§ **Data segment**:
┌──
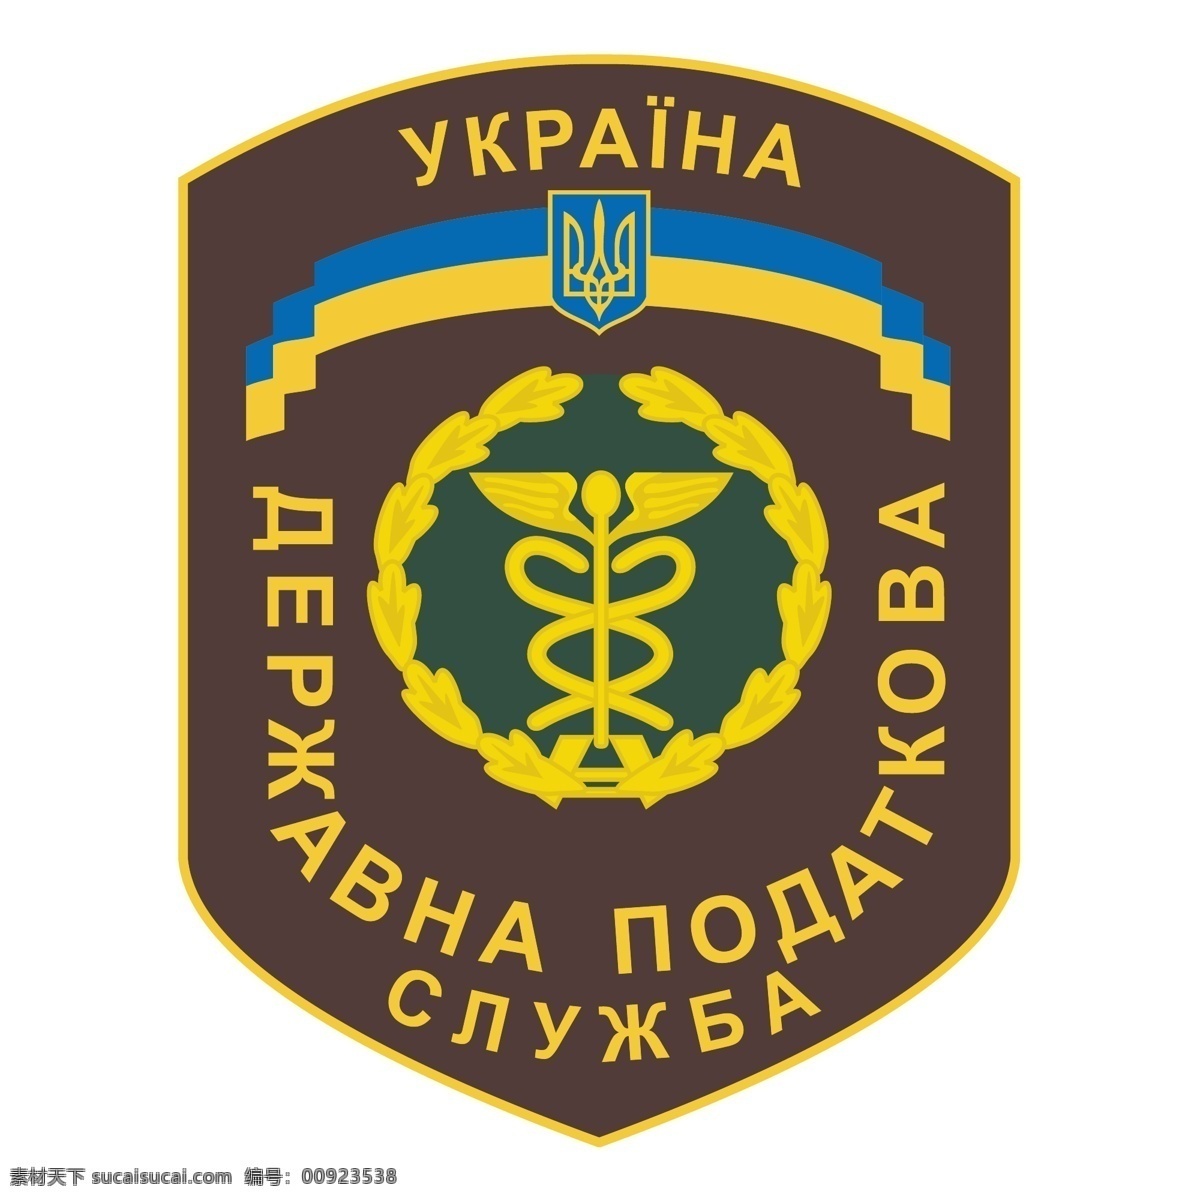 乌克兰 市 国家税务局 标志 自由 国家税务总局 免费 psd源文件 logo设计
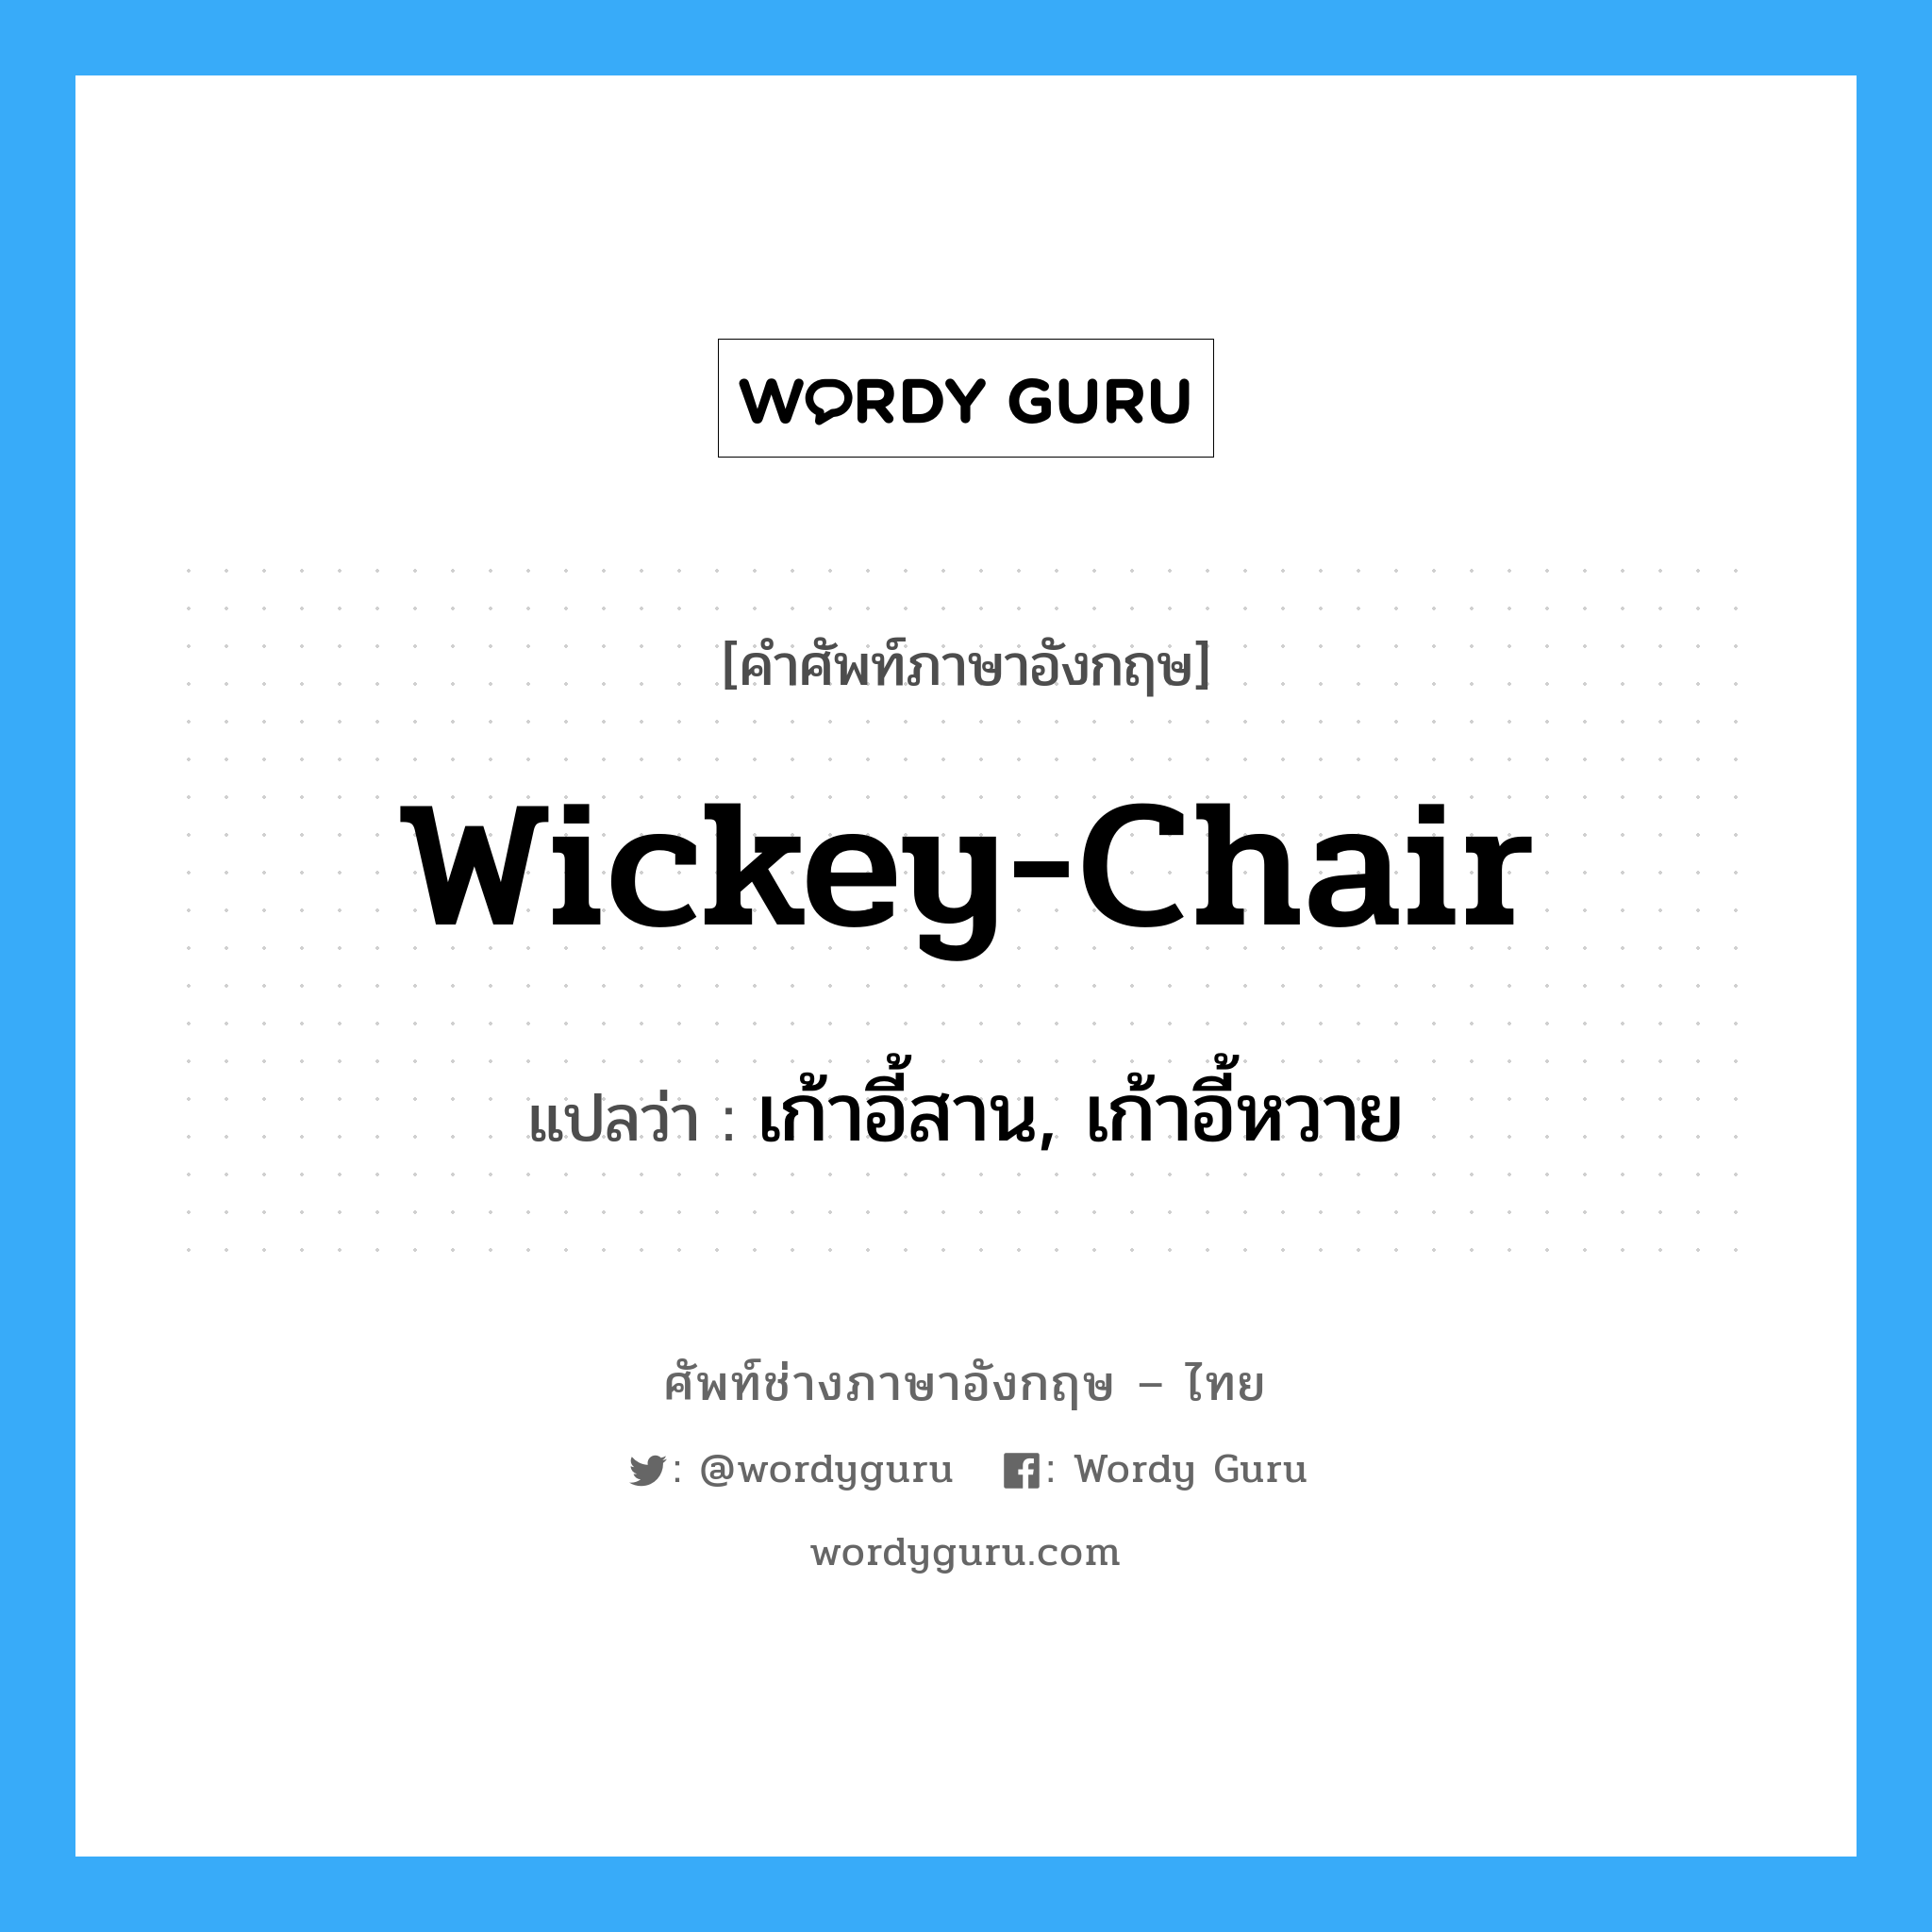 เก้าอี้สาน, เก้าอี้หวาย ภาษาอังกฤษ?, คำศัพท์ช่างภาษาอังกฤษ - ไทย เก้าอี้สาน, เก้าอี้หวาย คำศัพท์ภาษาอังกฤษ เก้าอี้สาน, เก้าอี้หวาย แปลว่า wickey-chair
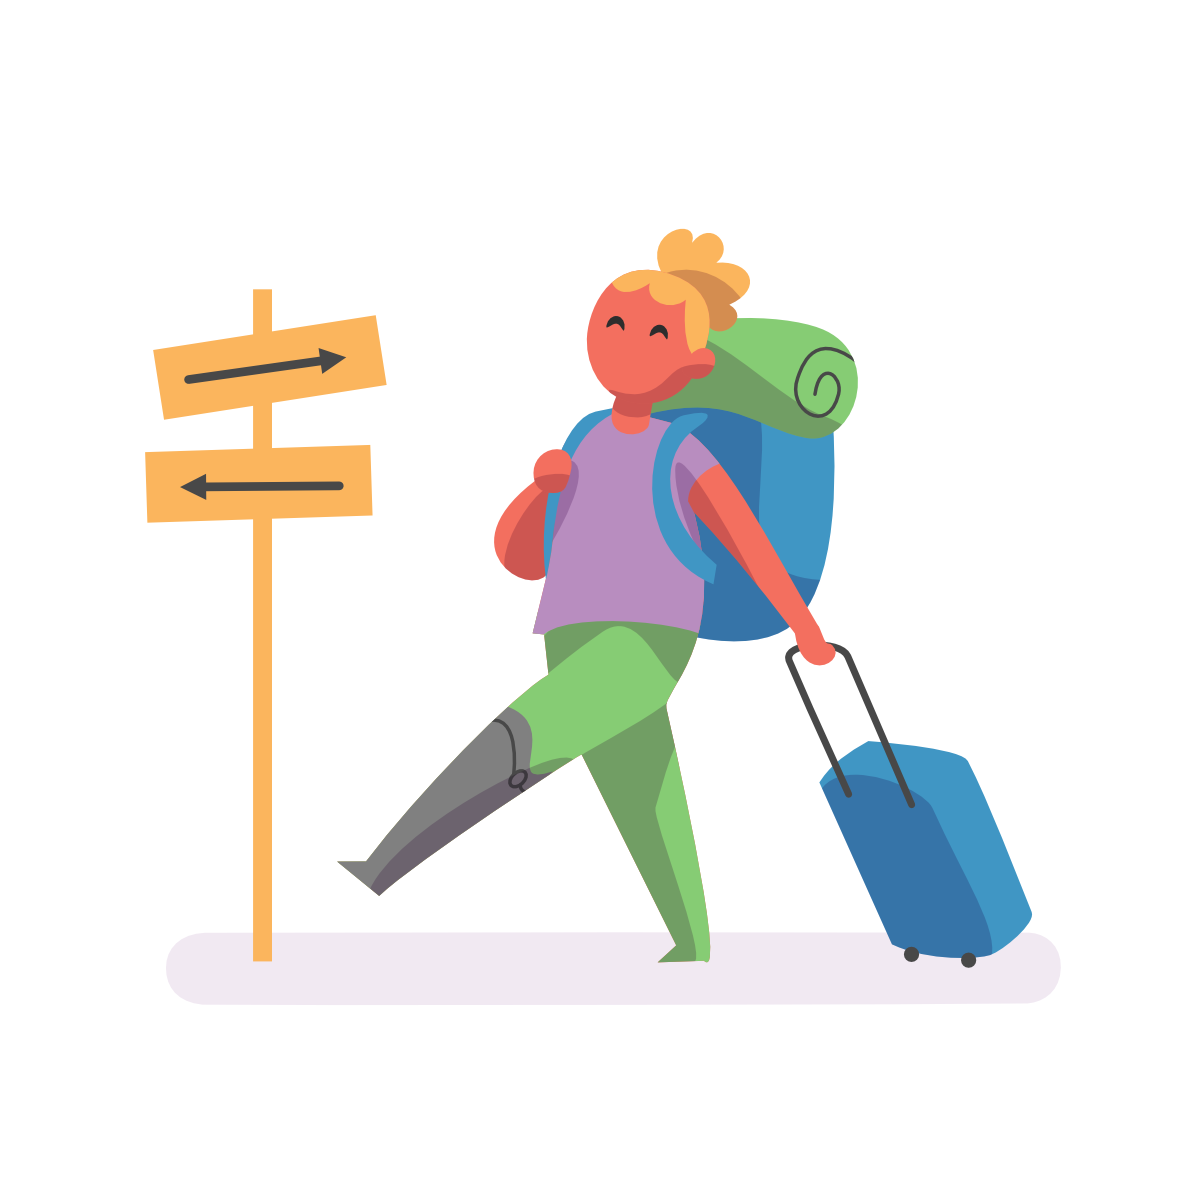 Dibujo de una mujer con mochila y maleta caminando tranquilamente al lado de una señal con dos flechas que señalan a derecha e izquierda.
└──
With the pictures removed, copy the data above word for word.

 乌克兰 市 国家税务局 标志 自由 国家税务总局 免费 psd源文件 logo设计
 เก้าอี้สาน, เก้าอี้หวาย ภาษาอังกฤษ?, คำศัพท์ช่างภาษาอังกฤษ - ไทย เก้าอี้สาน, เก้าอี้หวาย คำศัพท์ภาษาอังกฤษ เก้าอี้สาน, เก้าอี้หวาย แปลว่า wickey-chair
 Dibujo de una mujer con mochila y maleta caminando tranquilamente al lado de una señal con dos flechas que señalan a derecha e izquierda.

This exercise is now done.